• STORED DATA:
+++

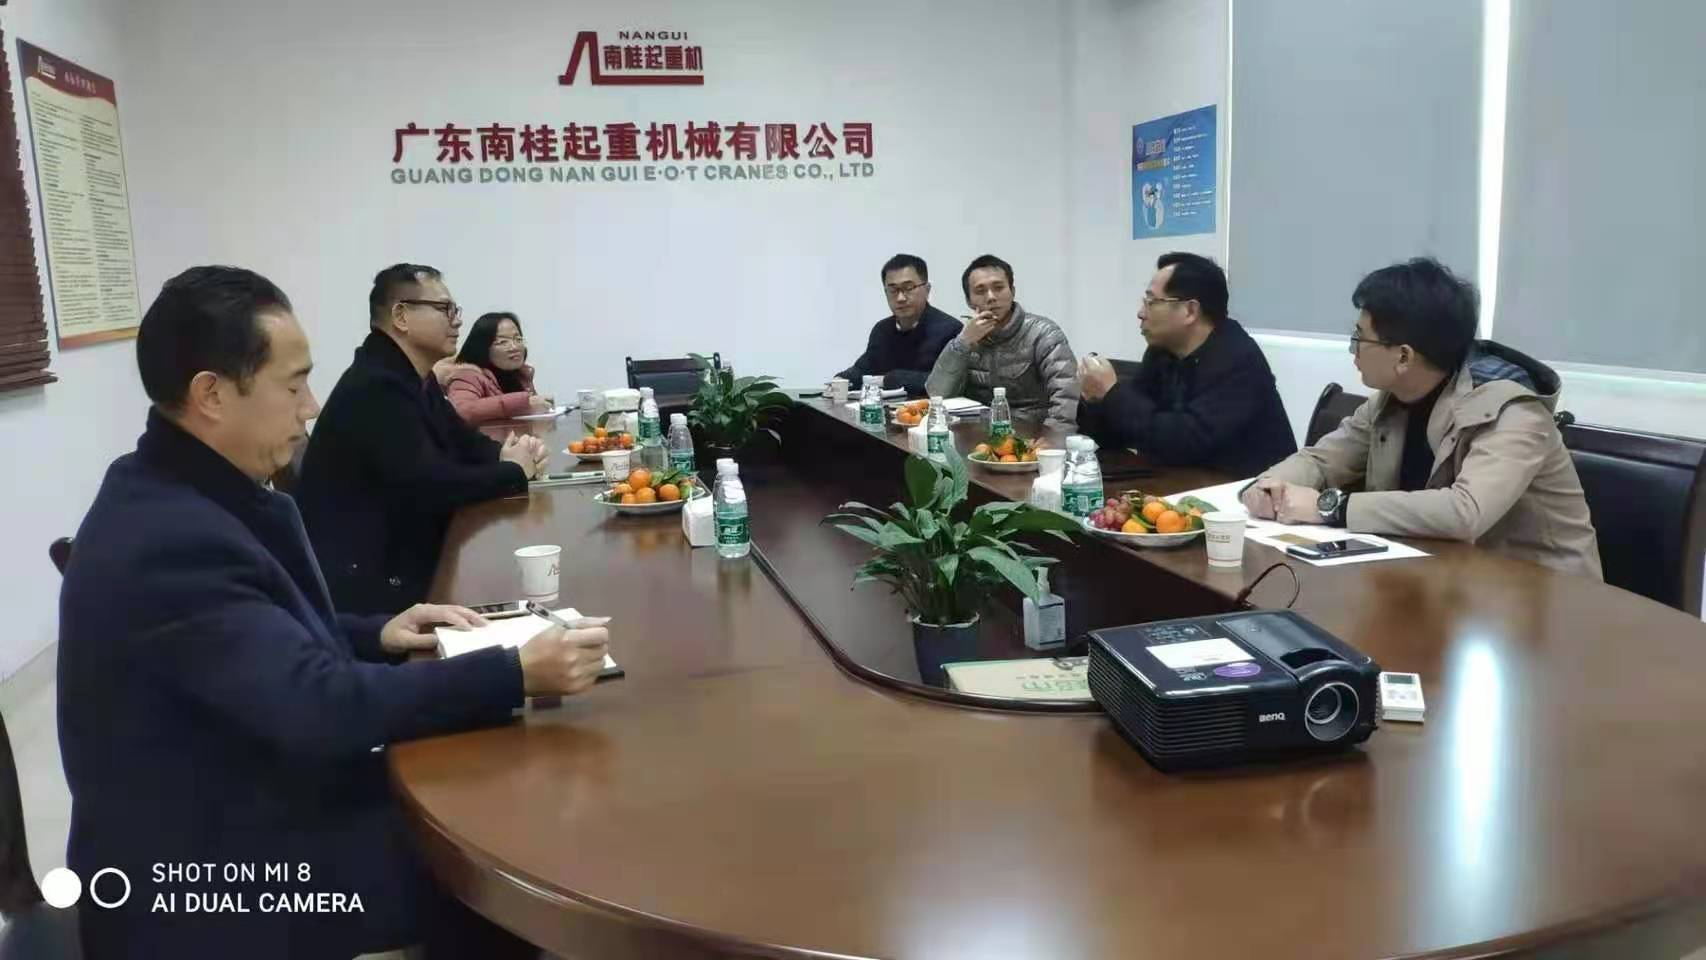 On December 31, 2020, the deputy head of Sanshui District——Yang Weiliang came to our company for investigation
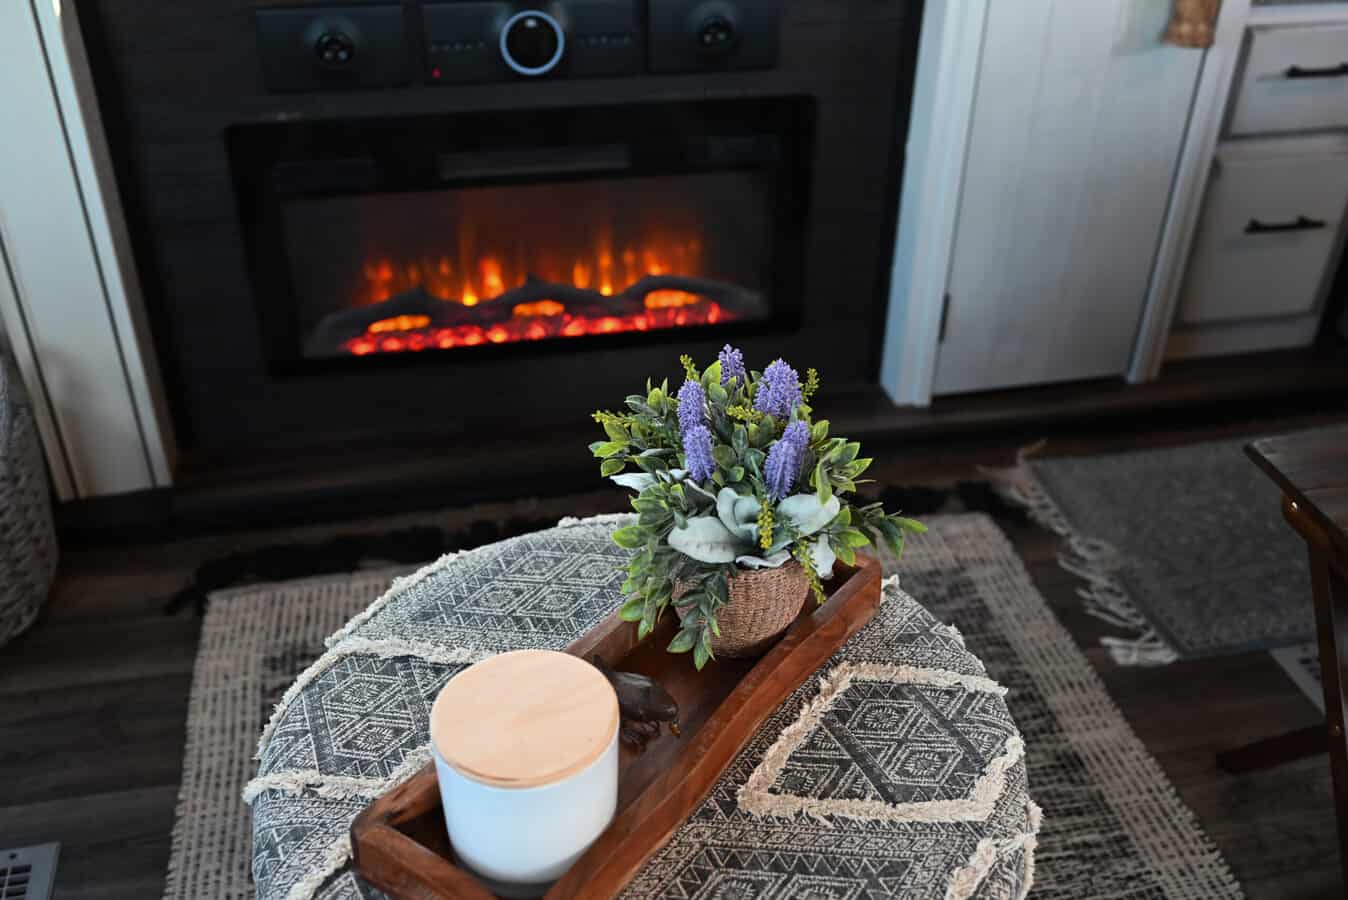 An electric RV fireplace burns in a cozy 5th wheel
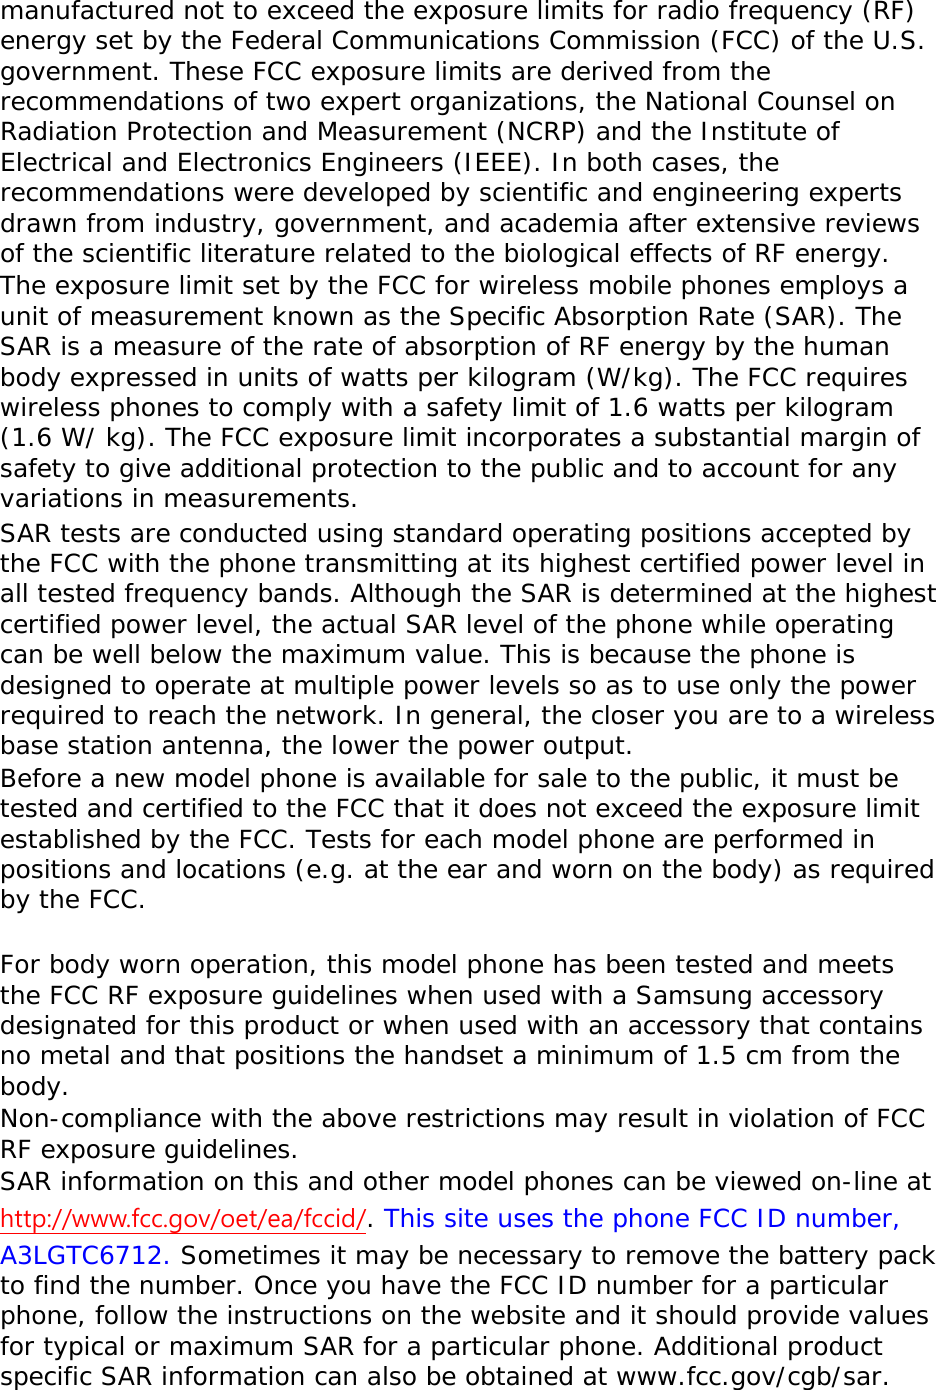 manufactured not to exceed the exposure limits for radio frequency (RF) energy set by the Federal Communications Commission (FCC) of the U.S. government. These FCC exposure limits are derived from the recommendations of two expert organizations, the National Counsel on Radiation Protection and Measurement (NCRP) and the Institute of Electrical and Electronics Engineers (IEEE). In both cases, the recommendations were developed by scientific and engineering experts drawn from industry, government, and academia after extensive reviews of the scientific literature related to the biological effects of RF energy. The exposure limit set by the FCC for wireless mobile phones employs a unit of measurement known as the Specific Absorption Rate (SAR). The SAR is a measure of the rate of absorption of RF energy by the human body expressed in units of watts per kilogram (W/kg). The FCC requires wireless phones to comply with a safety limit of 1.6 watts per kilogram (1.6 W/ kg). The FCC exposure limit incorporates a substantial margin of safety to give additional protection to the public and to account for any variations in measurements. SAR tests are conducted using standard operating positions accepted by the FCC with the phone transmitting at its highest certified power level in all tested frequency bands. Although the SAR is determined at the highest certified power level, the actual SAR level of the phone while operating can be well below the maximum value. This is because the phone is designed to operate at multiple power levels so as to use only the power required to reach the network. In general, the closer you are to a wireless base station antenna, the lower the power output. Before a new model phone is available for sale to the public, it must be tested and certified to the FCC that it does not exceed the exposure limit established by the FCC. Tests for each model phone are performed in positions and locations (e.g. at the ear and worn on the body) as required by the FCC.    For body worn operation, this model phone has been tested and meets the FCC RF exposure guidelines when used with a Samsung accessory designated for this product or when used with an accessory that contains no metal and that positions the handset a minimum of 1.5 cm from the body.  Non-compliance with the above restrictions may result in violation of FCC RF exposure guidelines. SAR information on this and other model phones can be viewed on-line at http://www.fcc.gov/oet/ea/fccid/. This site uses the phone FCC ID number, A3LGTC6712. Sometimes it may be necessary to remove the battery pack to find the number. Once you have the FCC ID number for a particular phone, follow the instructions on the website and it should provide values for typical or maximum SAR for a particular phone. Additional product specific SAR information can also be obtained at www.fcc.gov/cgb/sar.

+++

• TRY IT:
All of the material above must be given again verbatim, except for the pictures.

• PROBLEM SOLUTION:
 On December 31, 2020, the deputy head of Sanshui District——Yang Weiliang came to our company for investigation
 An electric RV fireplace burns in a cozy 5th wheel
 manufactured not to exceed the exposure limits for radio frequency (RF) energy set by the Federal Communications Commission (FCC) of the U.S. government. These FCC exposure limits are derived from the recommendations of two expert organizations, the National Counsel on Radiation Protection and Measurement (NCRP) and the Institute of Electrical and Electronics Engineers (IEEE). In both cases, the recommendations were developed by scientific and engineering experts drawn from industry, government, and academia after extensive reviews of the scientific literature related to the biological effects of RF energy. The exposure limit set by the FCC for wireless mobile phones employs a unit of measurement known as the Specific Absorption Rate (SAR). The SAR is a measure of the rate of absorption of RF energy by the human body expressed in units of watts per kilogram (W/kg). The FCC requires wireless phones to comply with a safety limit of 1.6 watts per kilogram (1.6 W/ kg). The FCC exposure limit incorporates a substantial margin of safety to give additional protection to the public and to account for any variations in measurements. SAR tests are conducted using standard operating positions accepted by the FCC with the phone transmitting at its highest certified power level in all tested frequency bands. Although the SAR is determined at the highest certified power level, the actual SAR level of the phone while operating can be well below the maximum value. This is because the phone is designed to operate at multiple power levels so as to use only the power required to reach the network. In general, the closer you are to a wireless base station antenna, the lower the power output. Before a new model phone is available for sale to the public, it must be tested and certified to the FCC that it does not exceed the exposure limit established by the FCC. Tests for each model phone are performed in positions and locations (e.g. at the ear and worn on the body) as required by the FCC.    For body worn operation, this model phone has been tested and meets the FCC RF exposure guidelines when used with a Samsung accessory designated for this product or when used with an accessory that contains no metal and that positions the handset a minimum of 1.5 cm from the body.  Non-compliance with the above restrictions may result in violation of FCC RF exposure guidelines. SAR information on this and other model phones can be viewed on-line at http://www.fcc.gov/oet/ea/fccid/. This site uses the phone FCC ID number, A3LGTC6712. Sometimes it may be necessary to remove the battery pack to find the number. Once you have the FCC ID number for a particular phone, follow the instructions on the website and it should provide values for typical or maximum SAR for a particular phone. Additional product specific SAR information can also be obtained at www.fcc.gov/cgb/sar.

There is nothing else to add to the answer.